Hmmm this method runs headlong into trouble quite early; it seems I can't do this:
`gpart create -s GPT /dev/gpt/note1-local0.eli`
It says the provider is not configured.
Is there any way to encrypt a gpt-labeled partition and assign more gpt partition to it afterwards, or am I forced to use the BSD labeling to this?  Or is that not possible either?

EDIT: found an article detailing how GPT cannot be nested or, at least not supposed to be, inside another scheme like MBR while the reverse is possible.  Hmmmm... maybe I should simply have all partitions be exposed or just create BSD labels from .eli.  Are there any better ideas or suggestions?


----------



## wblock@ (Jun 21, 2012)

Putting GPT inside other partition types is problematic.  You can still use GPT to partition a disk, but the partitions inside the eli device... well, it can be done, but at present it's not recommended.

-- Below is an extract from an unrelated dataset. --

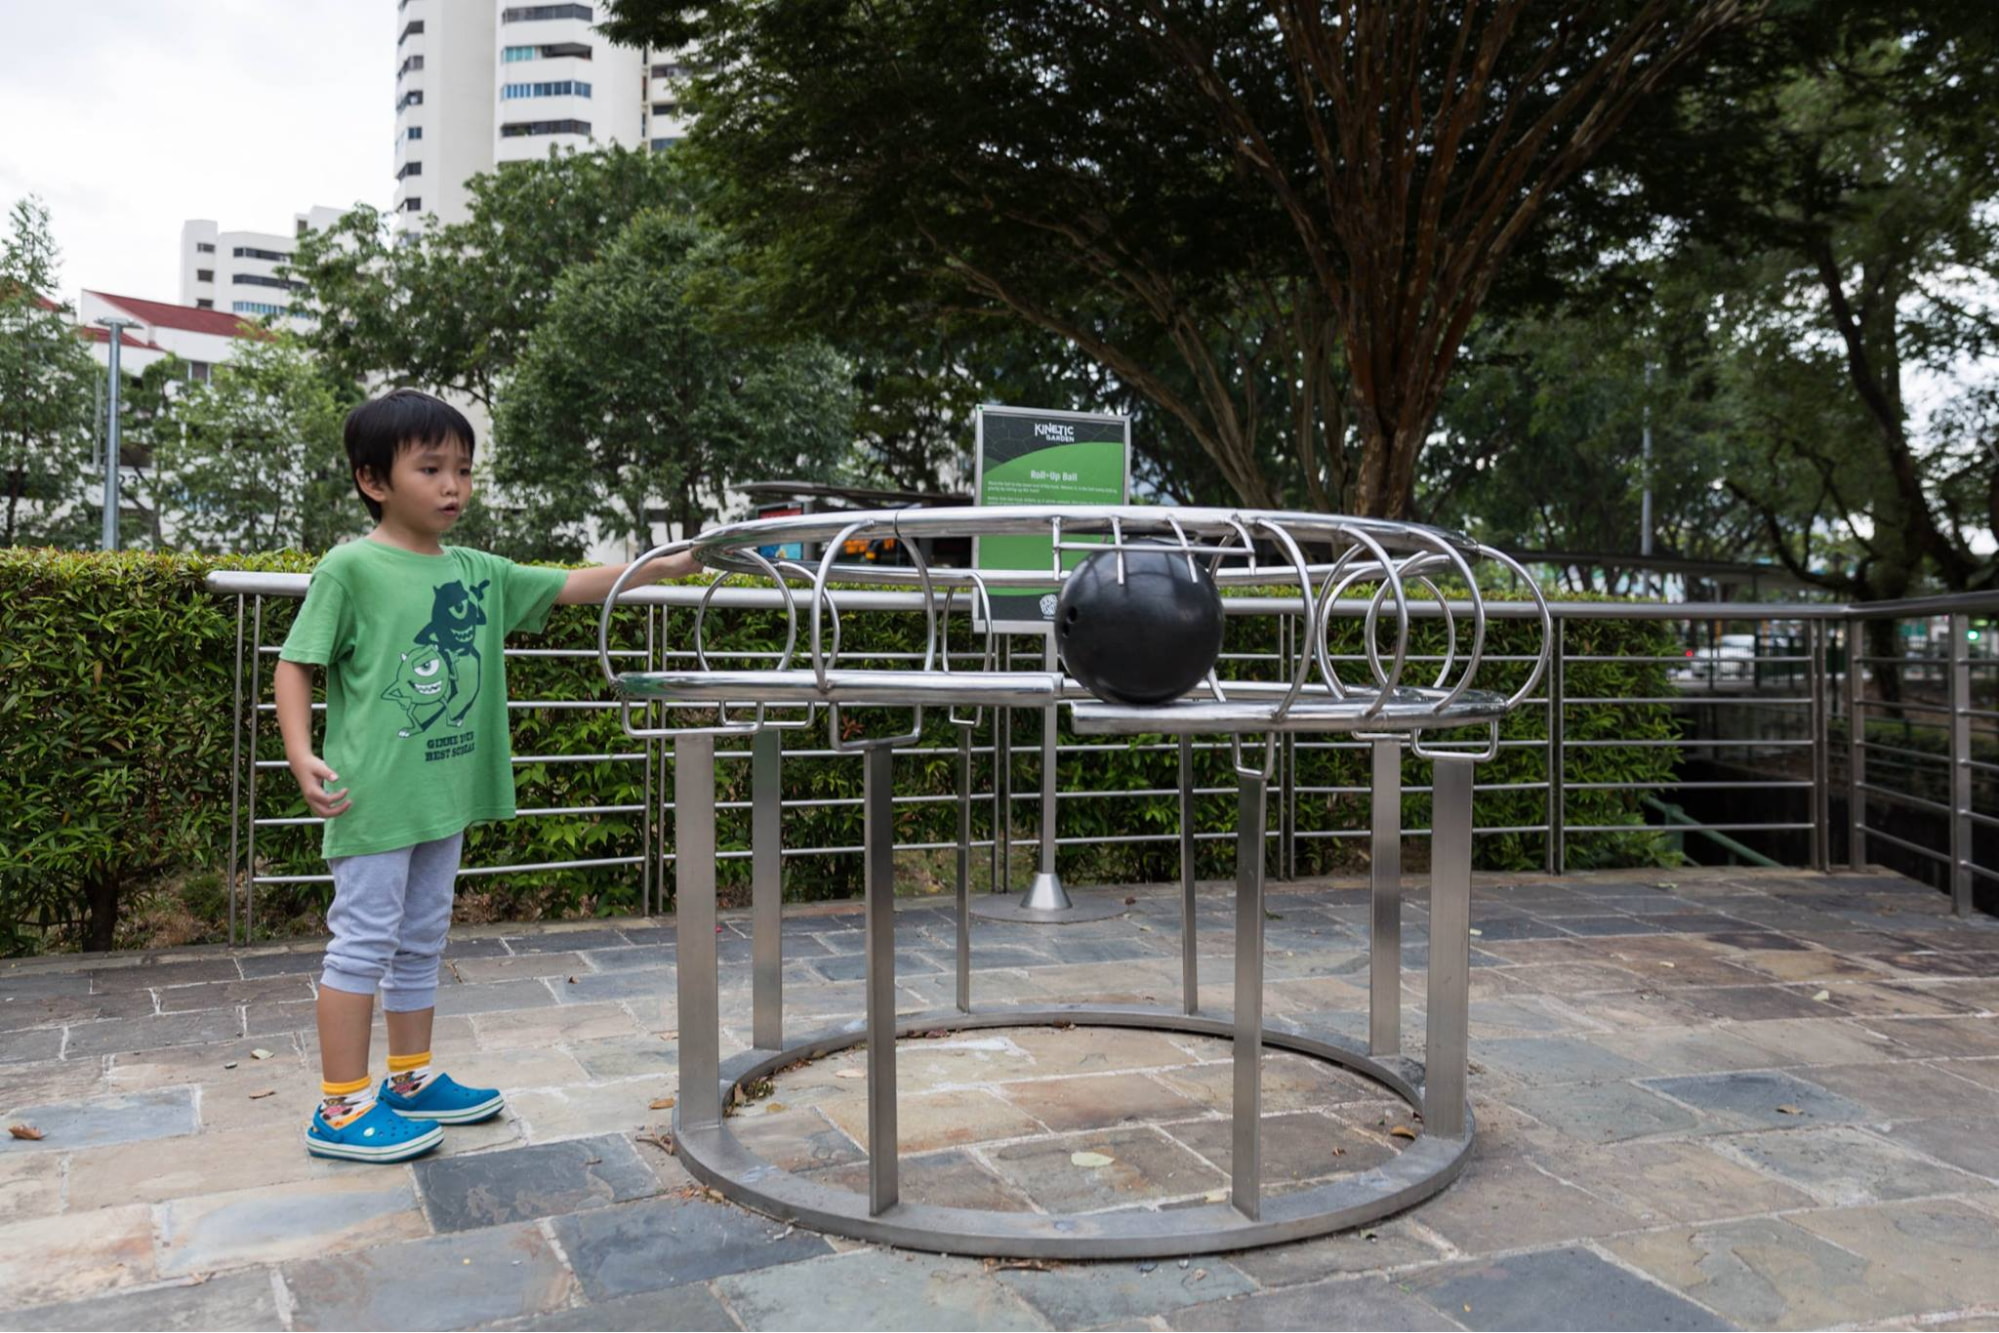 roll up ball outdoor physics exhibit at the singapore science centre kinetic garden with a child looking at the ball

When I set a notebook up for geli(8) a few months ago, I mostly followed bbzz's Howto.


----------



## y2s82 (Jun 23, 2012)

I was actually inspired to do this from that and some other post. I just wanted to do it in GPT though.

I got it done by simply putting all the partition in GPT without any internal sectioning within one particular GPT, each being encrypted separately.  Booting from a USB stick is surprisingly slow with all the modules being loaded, but I guess that's what I asked for.

Thanks for helping me out so far. It did wonders. 

I thought I might try to write down the final draft of my plan here.  I should have done this long time ago, but I hope it's better late than never   My memory is a bit fuzzy at the moment, but I'll try to write down all the steps...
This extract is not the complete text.